I'm all for being challenged in my thinking and often go out of my way to try on difficult ideas just to see how they fit.  I've weathered Nick Carr's The Shallows and watched society wobbling under the weight of the robber barons of the attention economy.  Now I've attended an educational technology conference that began and ended with an ignorant and frankly dangerous dismissal of digital technology as a toy for idiots that should just be taken away.  Meanwhile digital infrastructure made that very event happen.  It fed the people who attended it and provided them with the resources they needed to travel to it, yet it isn't worthy of teaching in our schools?  And teaching it is precisely the problem.  We pick up edtech and apply it without teaching it to staff or students, and now we're shocked that it isn't working well?  Sometimes I wonder how educationally aware our education system is.
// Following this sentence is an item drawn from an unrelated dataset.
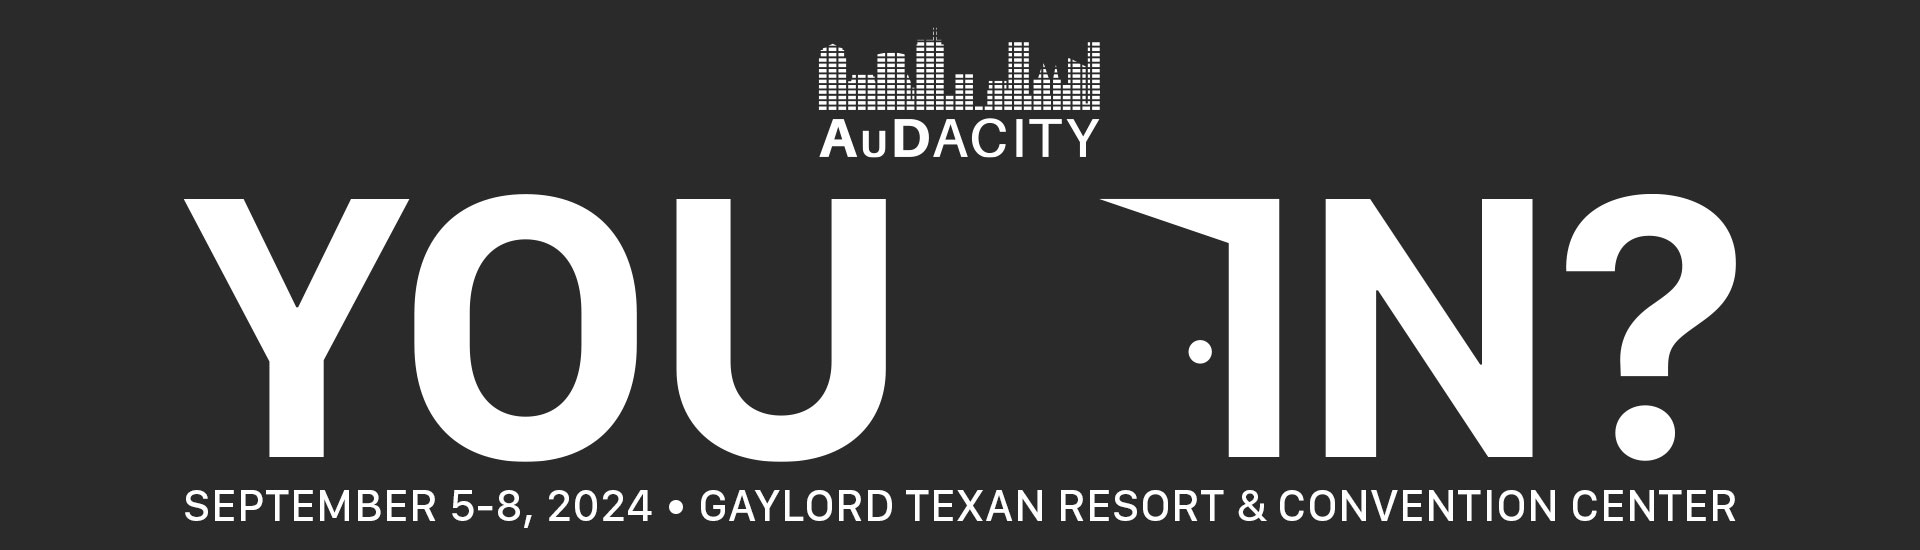 AuDacity 2024 • Gaylord Texan Resort, Texas • September 5-8, 2024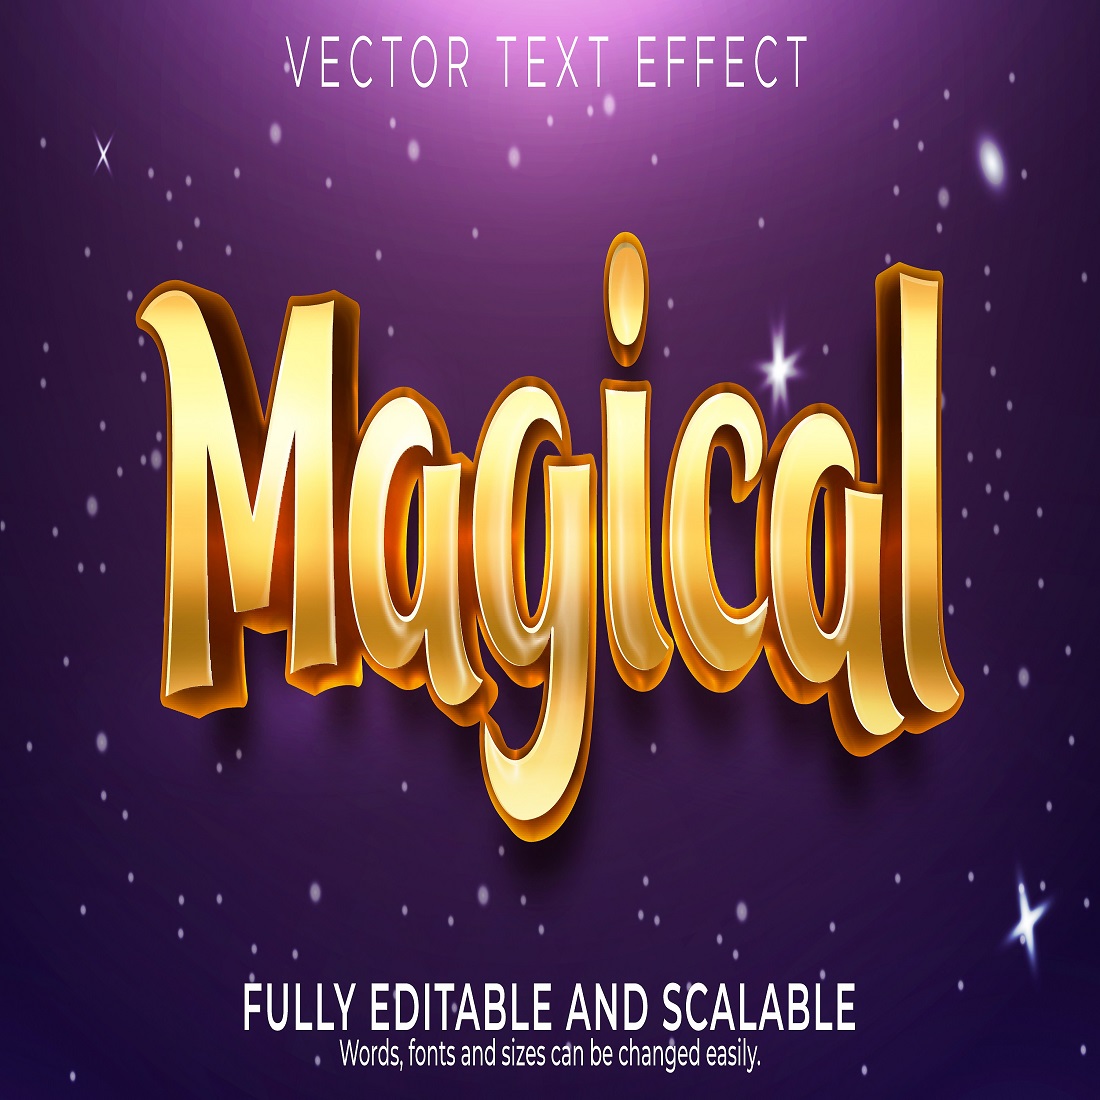 magical golden text effect editable fairy tale text style 293

I've been banging my head against this call for technology fluency for so long that I can't help but feel like this dismissal of technology both by participants and the conference itself in that closing keynote is a betrayal of what I thought were shared values.

I first attended ECOO in 2010.  I joined Twitter, began meeting other technology interested teachers, started blogging and became part of a vibrant online PLN as a result of attendingOver the years ECOO has given me ideas and offered me a platform to present my own.  What I'd always hoped was an evolution towards greater understanding of the digital revolution we are all living through has faltered now.  We don't want to learn how the world we've built works.  Pro-edtech educators want to keep the curtain firmly in place and leave the understanding and management of technology to others while the increasingly noisy anti-tech crowd are advocating receding from it entirely.  Our only contact with digital technology is through the lens of vapid consumerism and the only response we can have to that other than participating is to run and hide.

I'm frustrated, tired and losing hope in our ability to manage an understanding of the digital revolution that surrounds us.  Education seems particularly incapable of seeing their way out of this digital hole we've dug for ourselves.  The answer has always been to teach technological fluency, but ironically, I'm finding it harder and harder to find an educator who wants to.